Get your body moving
A brisk 10-minute walk in the daylight or a run outside can help to lift your mood. So, wrap up, get outdoors and enjoy the fresh air. There’s also lots of free workouts that you can try out at home. I take a walk in the countryside near my home daily which has helped to boost my mental and physical health.
Connect with others
Sometimes we may not feel like talking to people, but connecting with others and talking through things that are worrying you can be really helpful. Not seeing loved ones can also have a negative impact but thanks to modern technology it’s easy to stay in touch. Schedule regular catch-ups or some time to carry out fun social activities. Social time spent virtually with my loved ones has made me feel connected, supported and reminded me that people are thinking of me. Christmas is also a good time to get in touch with people you may not speak to often. At DIO, our teams are planning their own Christmas socials but this time virtually, wearing the obligatory silly jumpers and having themed quizzes.

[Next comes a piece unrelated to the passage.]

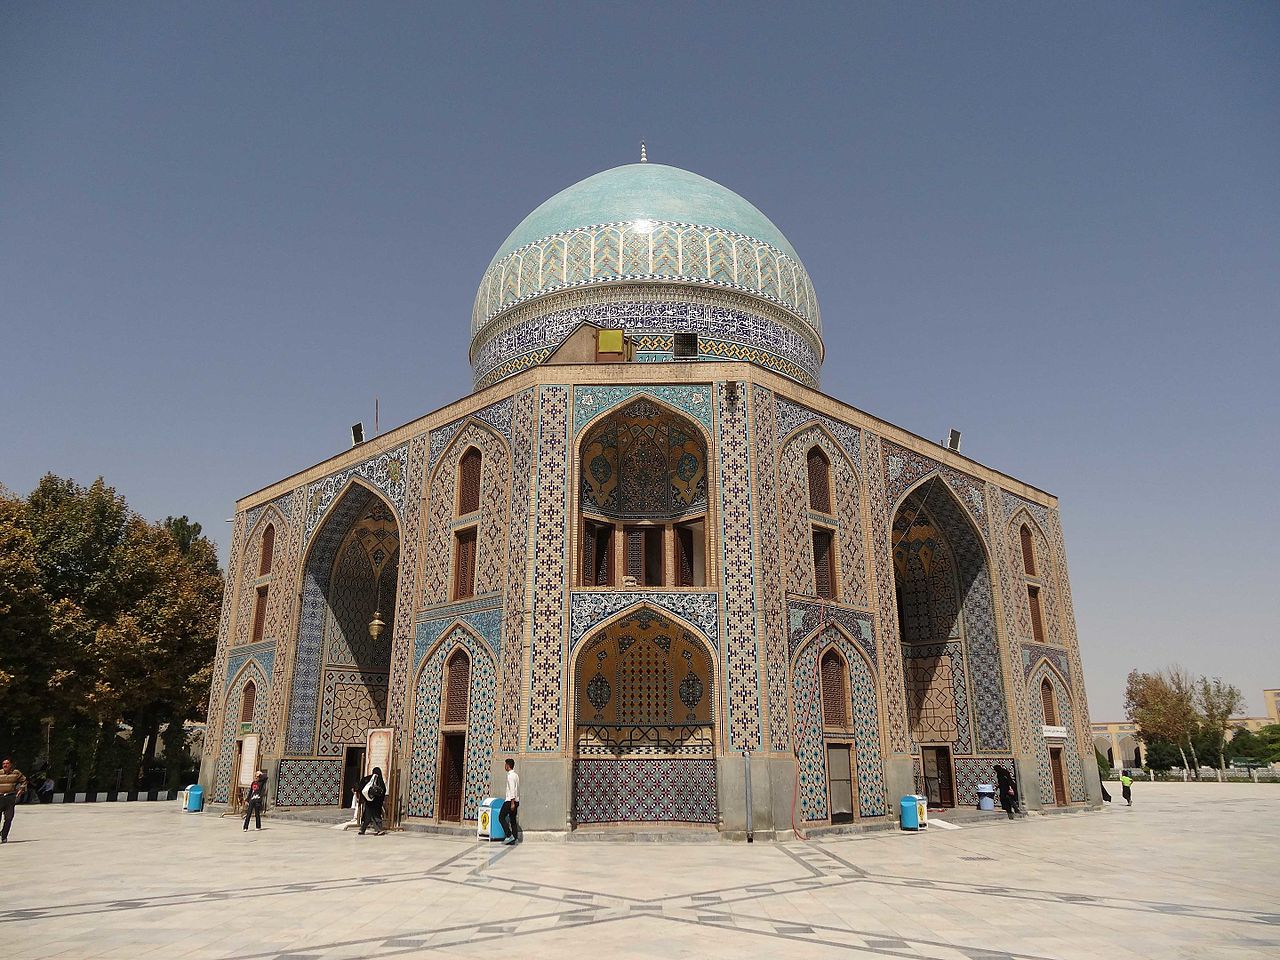 Verdensarven Khajeh Rabi Mausoleum er fra 1500-tallet og ligger i Mashhad i provinsen Khorasan Razavi nordøst i Iran. Mausoleet har praktfulle mosaikker og fantastisk innvendig dekor. Foto: Alireza Khorsandi (CC BY-SA 4.0) via Wikimedia commons

Your diet can make a big difference to the way you feel. Improving your diet can help to improve your mood and help you feel energised. The festive season is upon us and it’s easy to indulge in lots of sweet treats and alcohol which can leave you feeling irritated. Balance your cravings with plenty of fresh fruit and vegetables daily to help boost your immune system.
Do something you enjoy
Making time in the day to do something you enjoy gives you something to look forward to. Take some time out to create Christmas cards, decorate your Christmas tree, read or even learn a new skill.
Ask for help
The biggest lesson I’ve taken from this year is the importance of having someone to talk to if things are getting tough. Hopefully you can talk openly and safely to your colleagues, friends or family. Even then, if you are still struggling, there are plenty of resources available to help you. Mind, the Mental Health Foundation and Heads Together offer some great advice to help you look after your wellbeing during winter.